MANILA, Philippines — The International Monetary Fund (IMF) has cut its growth forecast for the Philippine economy to 6.75 percent this year amid volatility in global financial markets, which may slightly offset the country’s strong fundamentals.
The new forecast is lower than the previous 7-percent outlook the multilateral lender had for the country. This is also slower than the 7.6-percent growth posted in the first half of the year, implying the continued deceleration in the country’s expansion in the second half. The lowered outlook came following an IMF mission in Manila last September 17 to 20.
“As in other emerging markets following the announcement of prospective tapering of asset purchases by the US Federal Reserve in late May, Philippine assets saw selling pressure that caused the peso to weaken and market interest rates to rise,” the IMF said in a statement.
“Recent delay in the commencement of tapering led to some reversal of previous market developments,” it added.
The IMF said when the Fed does start tightening its monetary policies, the Philippines’ strong fundamentals would help the country continue growing faster than most of the Asia Pacific region.

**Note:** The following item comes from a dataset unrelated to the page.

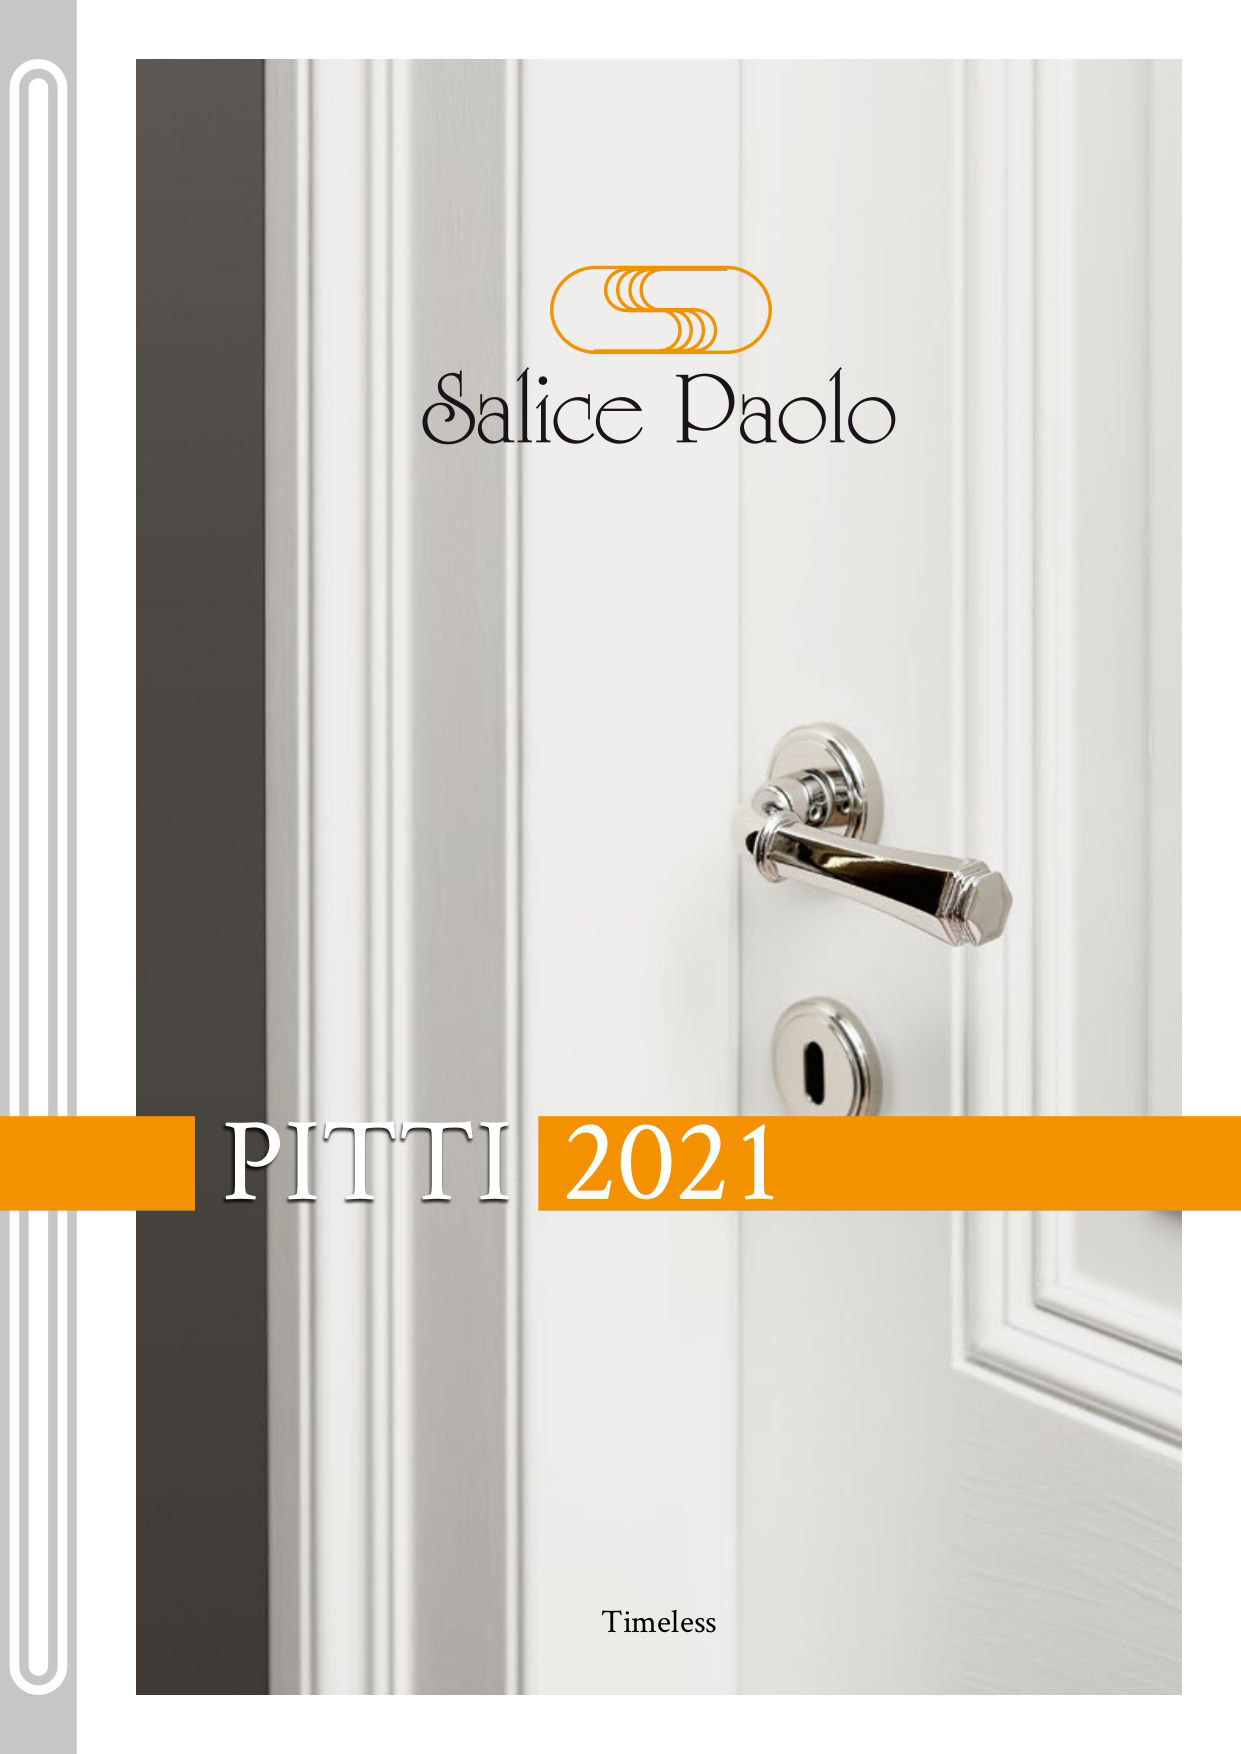 Salice Paolo PITTI 2021
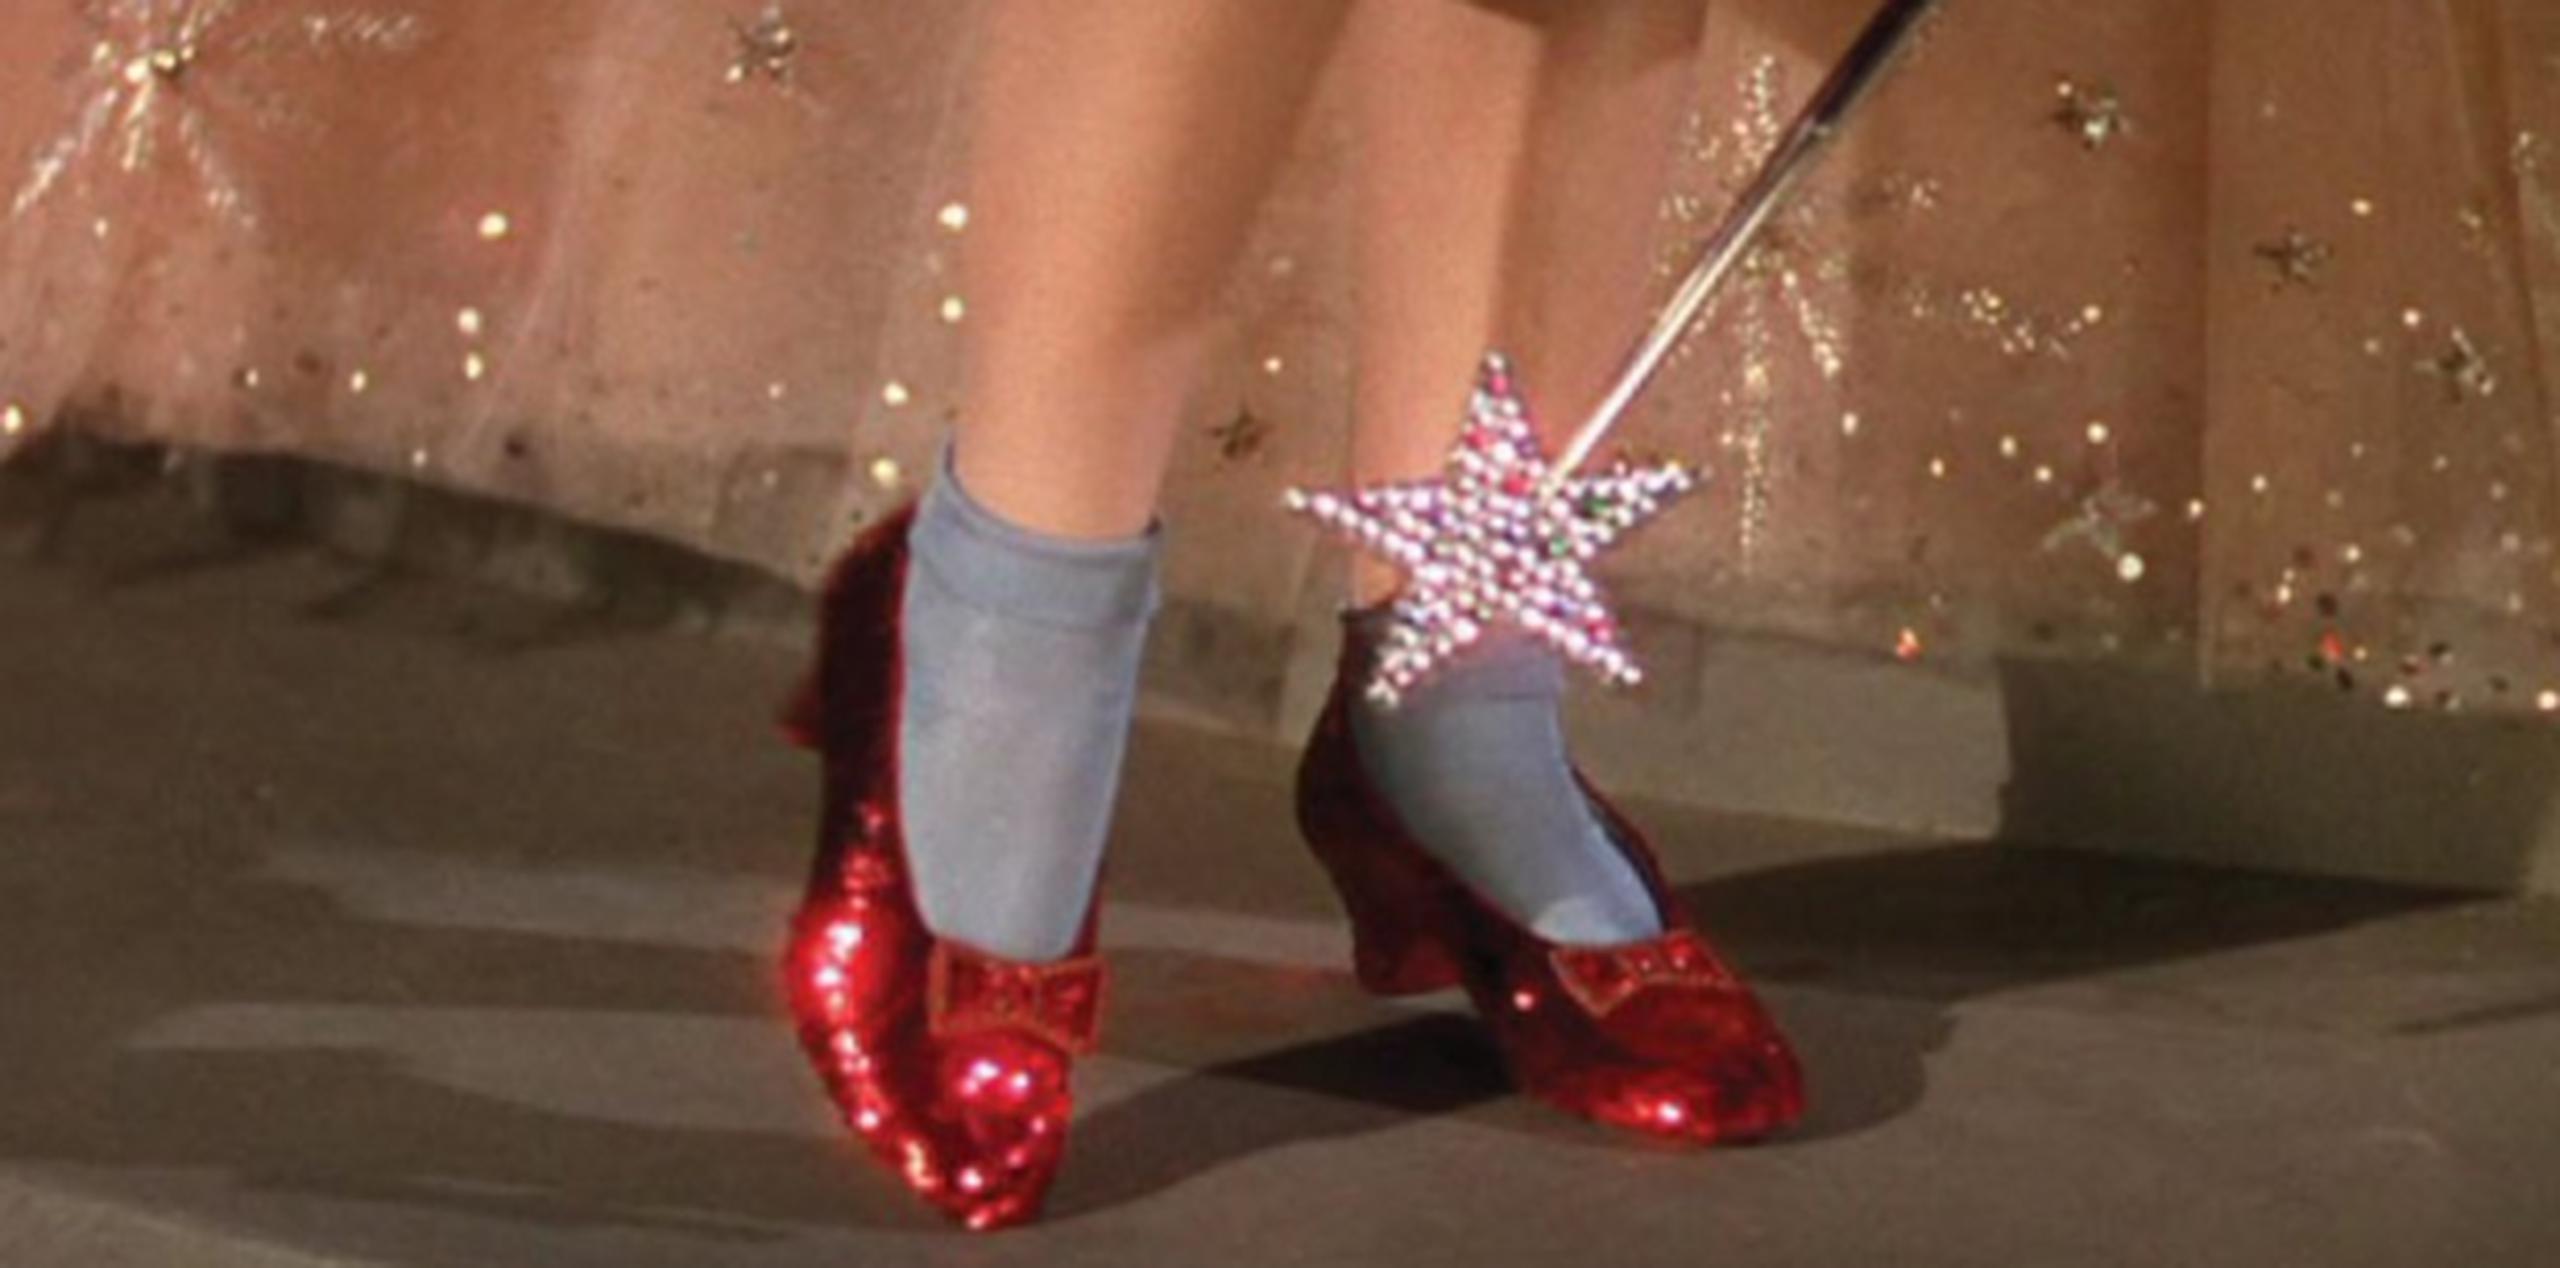 Los zapatos cubiertos de lentejuelas, fabricados hace casi 80 años por el departamento de accesorios de los estudios MGM, se han vuelto frágiles con el paso del tiempo. (Foto/Archivo)

These strong fundamentals include robust dollar income from remittances and the outsourcing sector, the country’s net creditor status, steady reductions in public debt, and low foreign participation in government securities markets.
The IMF said the country would be able to adjust smoothly to the accompanying capital flow reversal and slow down in regional growth.
Liquidity released through the more restricted access to the Bangko Sentral ng Pilipinas (the central bank, BSP)’s Special Deposit Account (SDA) will also provide some cushion to growth.